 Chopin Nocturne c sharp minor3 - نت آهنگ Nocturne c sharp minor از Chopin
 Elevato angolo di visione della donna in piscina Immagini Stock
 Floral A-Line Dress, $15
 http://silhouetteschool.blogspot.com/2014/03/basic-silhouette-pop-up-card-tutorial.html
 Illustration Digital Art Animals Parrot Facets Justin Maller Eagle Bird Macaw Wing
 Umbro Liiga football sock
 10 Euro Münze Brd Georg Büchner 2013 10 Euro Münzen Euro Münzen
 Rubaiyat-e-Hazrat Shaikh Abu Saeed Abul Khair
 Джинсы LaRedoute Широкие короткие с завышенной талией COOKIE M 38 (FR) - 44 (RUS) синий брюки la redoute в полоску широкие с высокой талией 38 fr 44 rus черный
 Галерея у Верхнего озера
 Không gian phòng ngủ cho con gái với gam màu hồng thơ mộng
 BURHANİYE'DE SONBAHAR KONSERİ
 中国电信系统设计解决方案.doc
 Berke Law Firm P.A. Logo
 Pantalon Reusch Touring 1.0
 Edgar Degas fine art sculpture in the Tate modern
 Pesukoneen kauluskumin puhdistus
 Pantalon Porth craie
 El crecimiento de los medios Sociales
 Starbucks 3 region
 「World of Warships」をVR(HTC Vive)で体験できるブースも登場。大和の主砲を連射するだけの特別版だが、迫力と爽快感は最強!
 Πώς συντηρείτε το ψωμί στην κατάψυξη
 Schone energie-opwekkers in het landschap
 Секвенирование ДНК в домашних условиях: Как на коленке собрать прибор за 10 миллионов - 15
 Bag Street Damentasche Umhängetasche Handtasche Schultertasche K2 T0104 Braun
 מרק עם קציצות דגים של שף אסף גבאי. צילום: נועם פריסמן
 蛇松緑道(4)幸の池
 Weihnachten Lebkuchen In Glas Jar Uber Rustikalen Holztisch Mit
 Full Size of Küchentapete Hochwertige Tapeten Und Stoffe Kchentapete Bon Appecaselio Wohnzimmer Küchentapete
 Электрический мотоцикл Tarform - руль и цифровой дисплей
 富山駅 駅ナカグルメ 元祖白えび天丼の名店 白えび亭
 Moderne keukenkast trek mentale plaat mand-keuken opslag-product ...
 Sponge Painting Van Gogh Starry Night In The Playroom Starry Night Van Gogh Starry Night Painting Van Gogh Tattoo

WHAT TO DO
Referring to the material above, set down exactly the lines between the line with "Schone energie-opwekkers in het landschap" and the line with "富山駅 駅ナカグルメ 元祖白えび天丼の名店 白えび亭", inclusive, and no other lines.

TASK OUTPUT
 Schone energie-opwekkers in het landschap
 Секвенирование ДНК в домашних условиях: Как на коленке собрать прибор за 10 миллионов - 15
 Bag Street Damentasche Umhängetasche Handtasche Schultertasche K2 T0104 Braun
 מרק עם קציצות דגים של שף אסף גבאי. צילום: נועם פריסמן
 蛇松緑道(4)幸の池
 Weihnachten Lebkuchen In Glas Jar Uber Rustikalen Holztisch Mit
 Full Size of Küchentapete Hochwertige Tapeten Und Stoffe Kchentapete Bon Appecaselio Wohnzimmer Küchentapete
 Электрический мотоцикл Tarform - руль и цифровой дисплей
 富山駅 駅ナカグルメ 元祖白えび天丼の名店 白えび亭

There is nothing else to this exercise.